→ **PROBLEM STATEMENT**
Produce an exact transcription of the data, with the images left out.

→ **GIVEN INFORMATION**
************
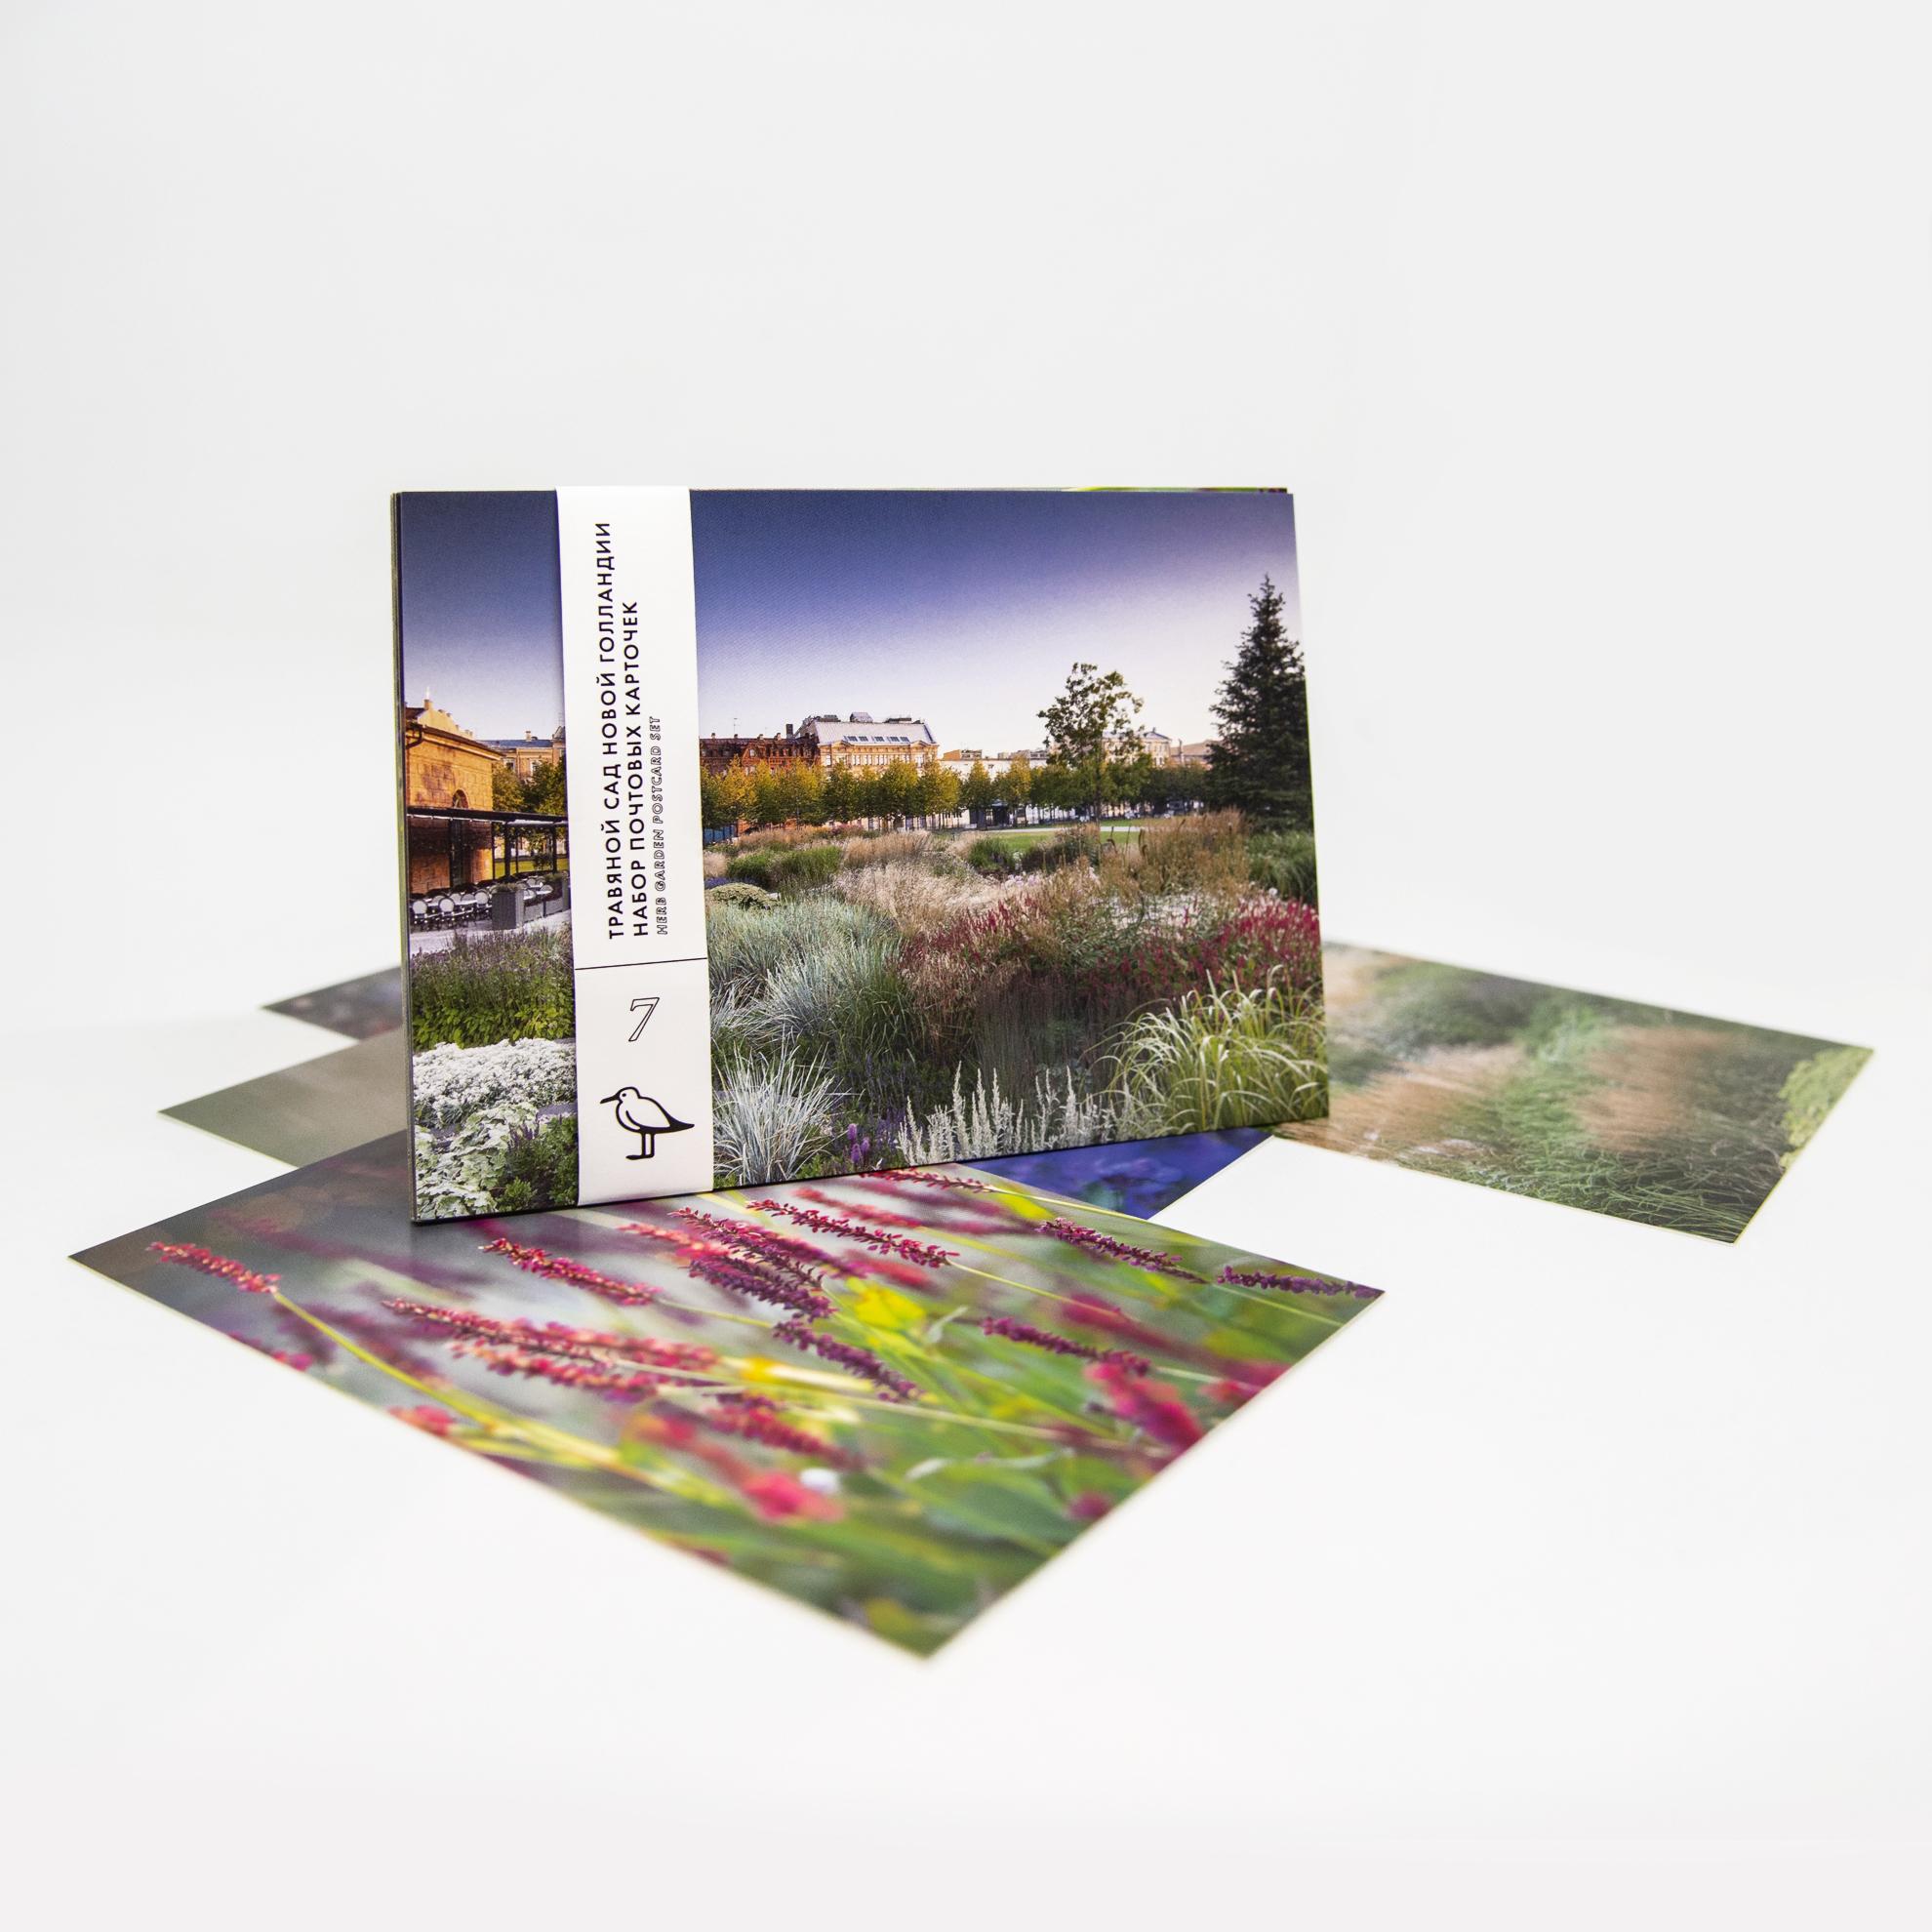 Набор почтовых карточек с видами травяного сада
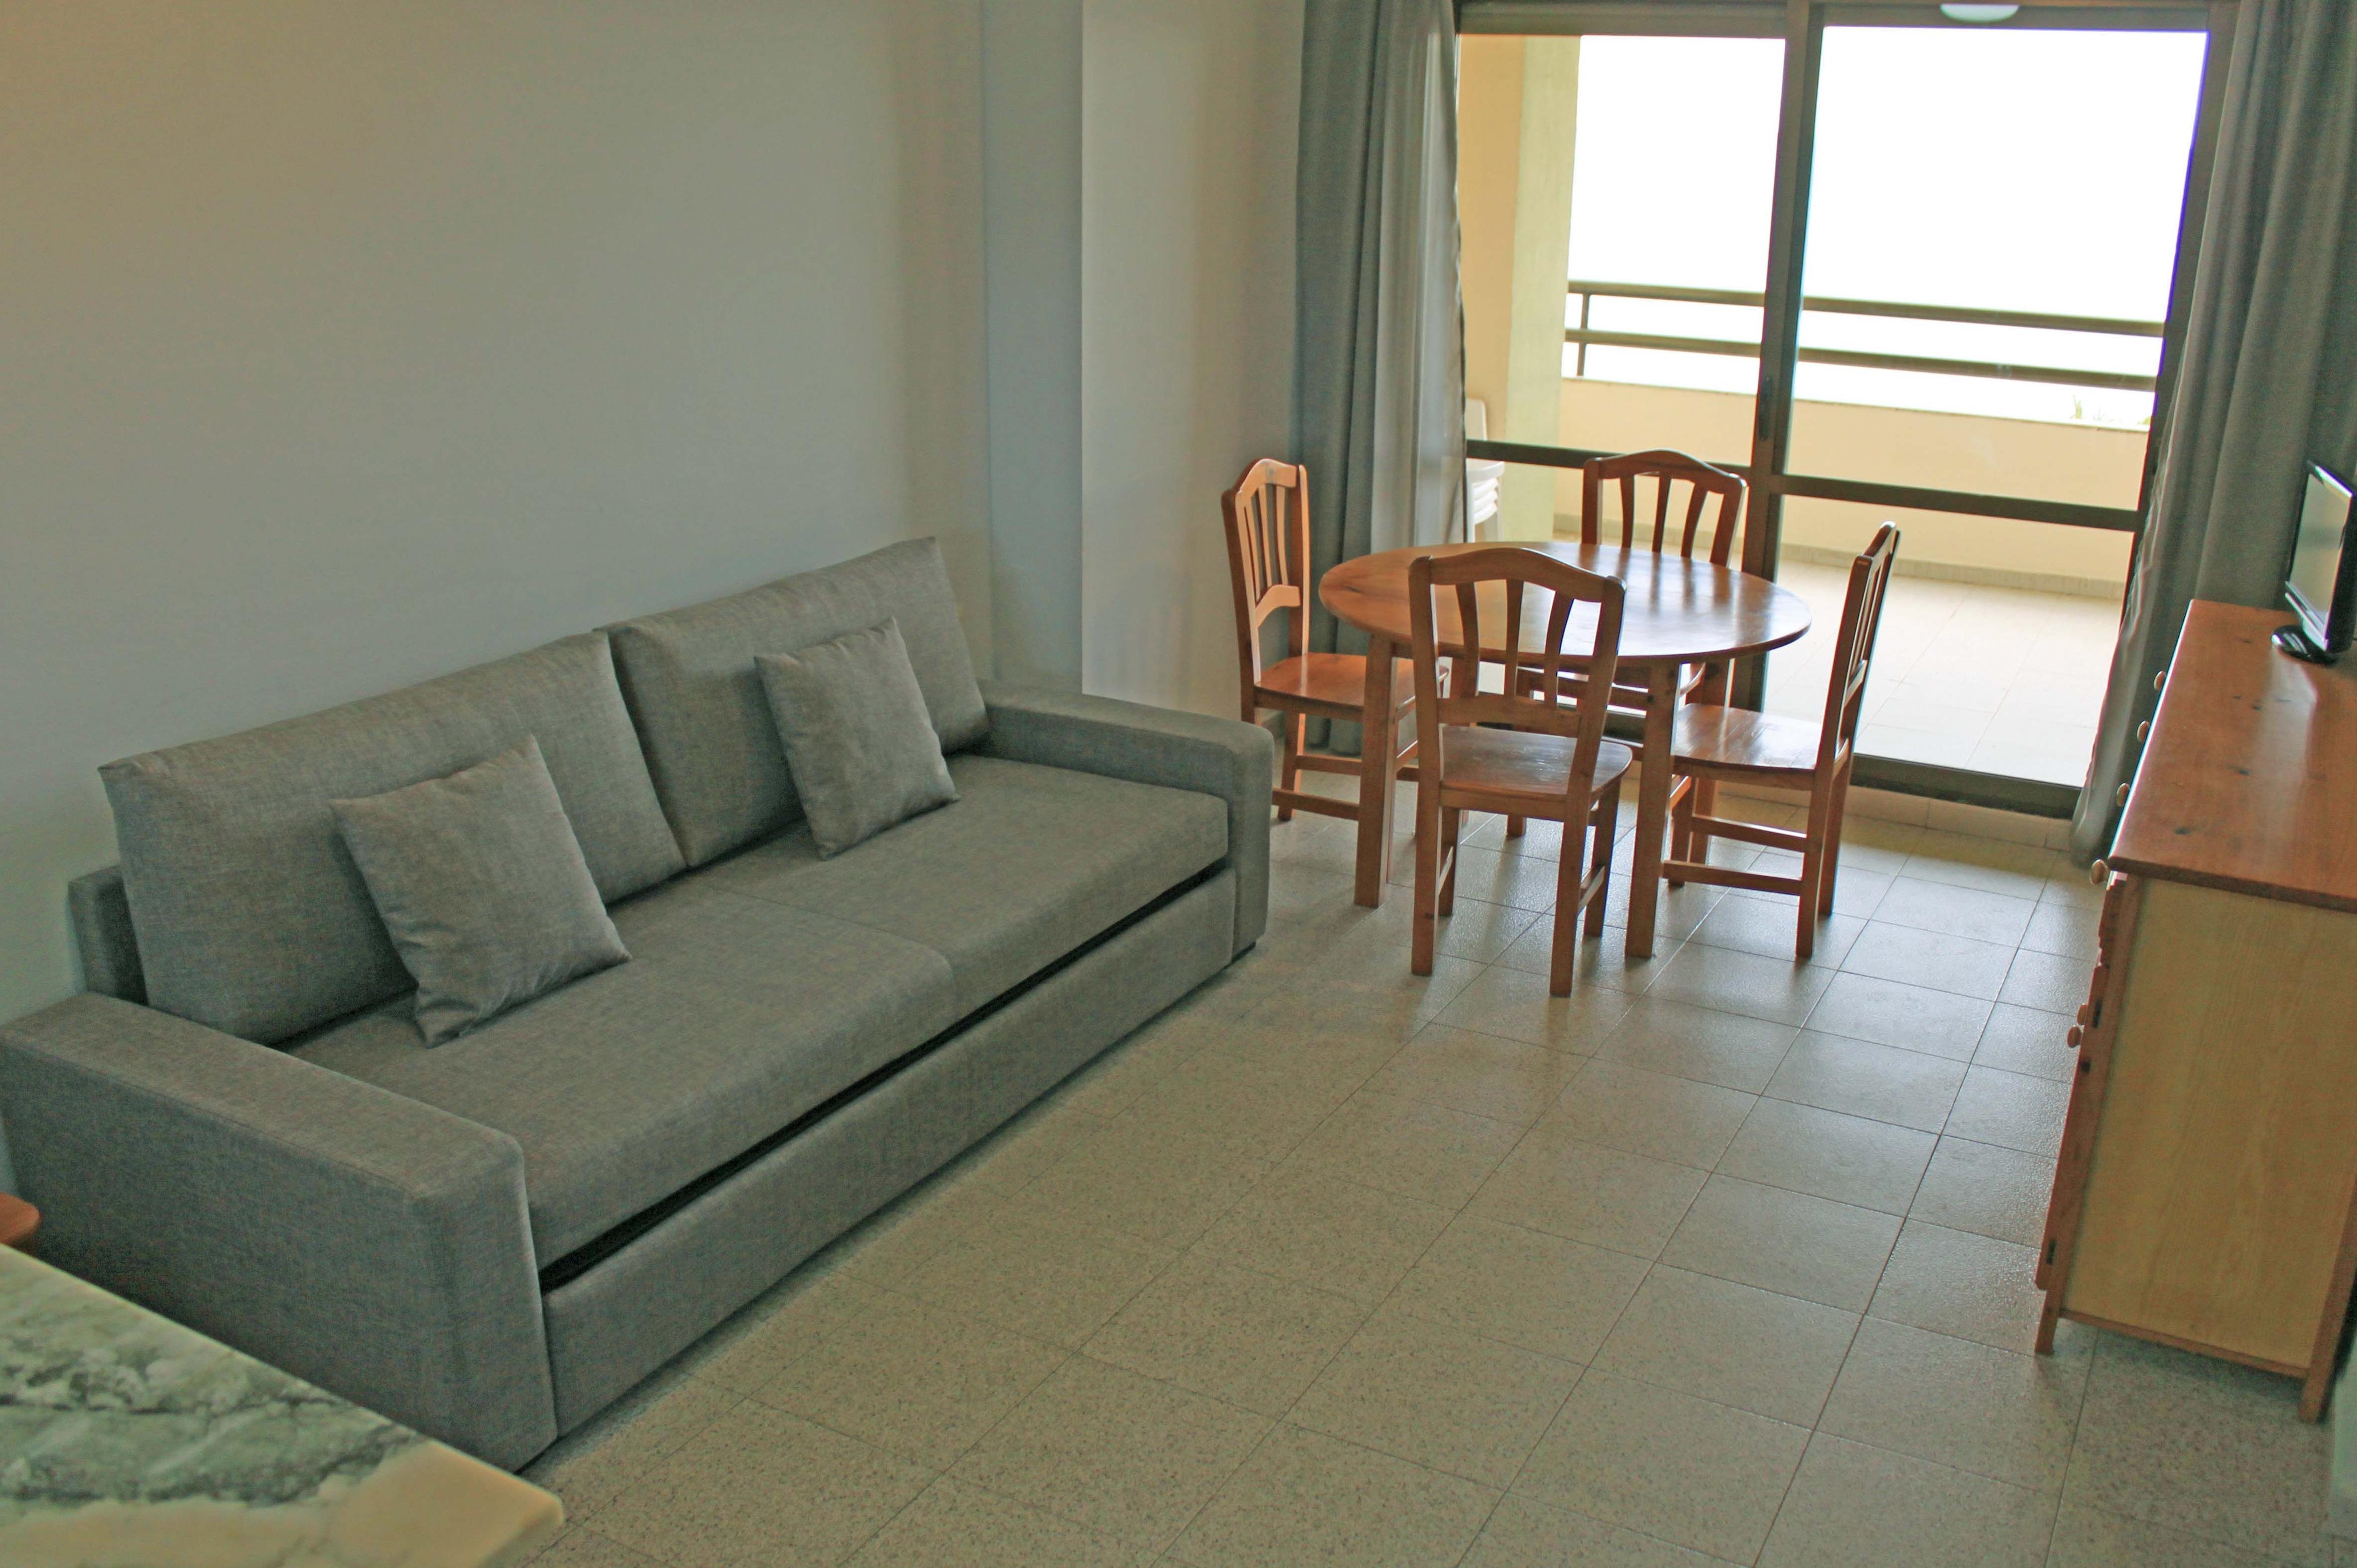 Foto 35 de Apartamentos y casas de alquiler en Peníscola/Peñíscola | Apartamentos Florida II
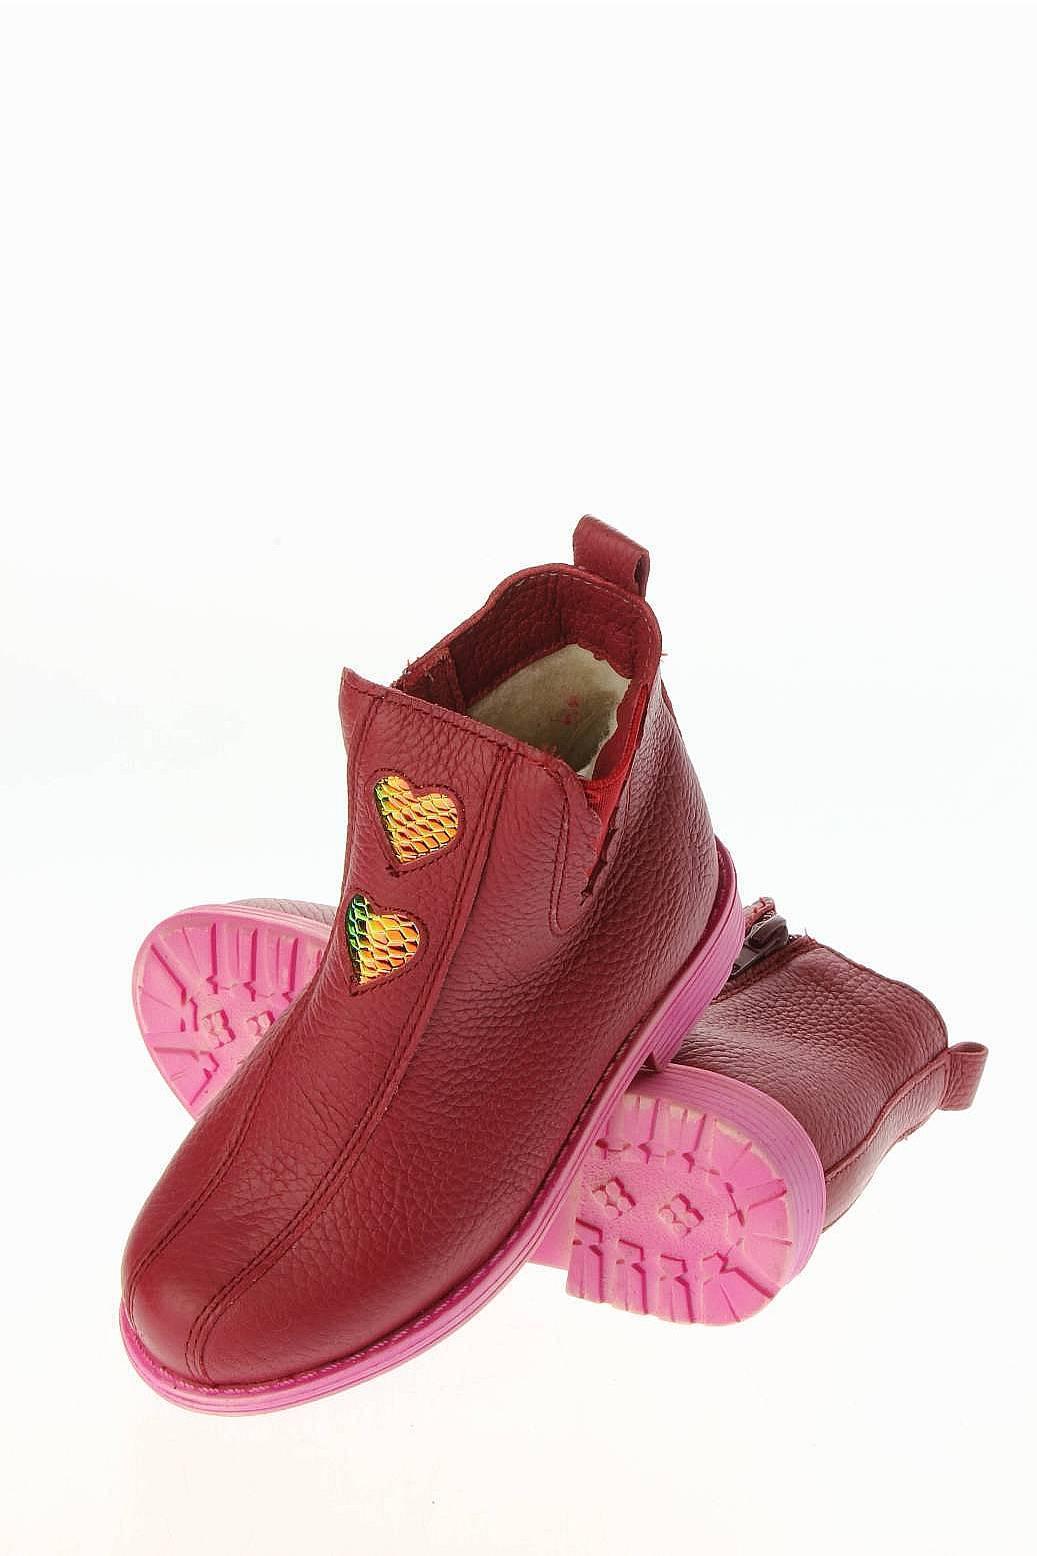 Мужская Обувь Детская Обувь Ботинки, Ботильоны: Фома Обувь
************
→ **TASK RESULT**
 Набор почтовых карточек с видами травяного сада
 Foto 35 de Apartamentos y casas de alquiler en Peníscola/Peñíscola | Apartamentos Florida II
 Мужская Обувь Детская Обувь Ботинки, Ботильоны: Фома Обувь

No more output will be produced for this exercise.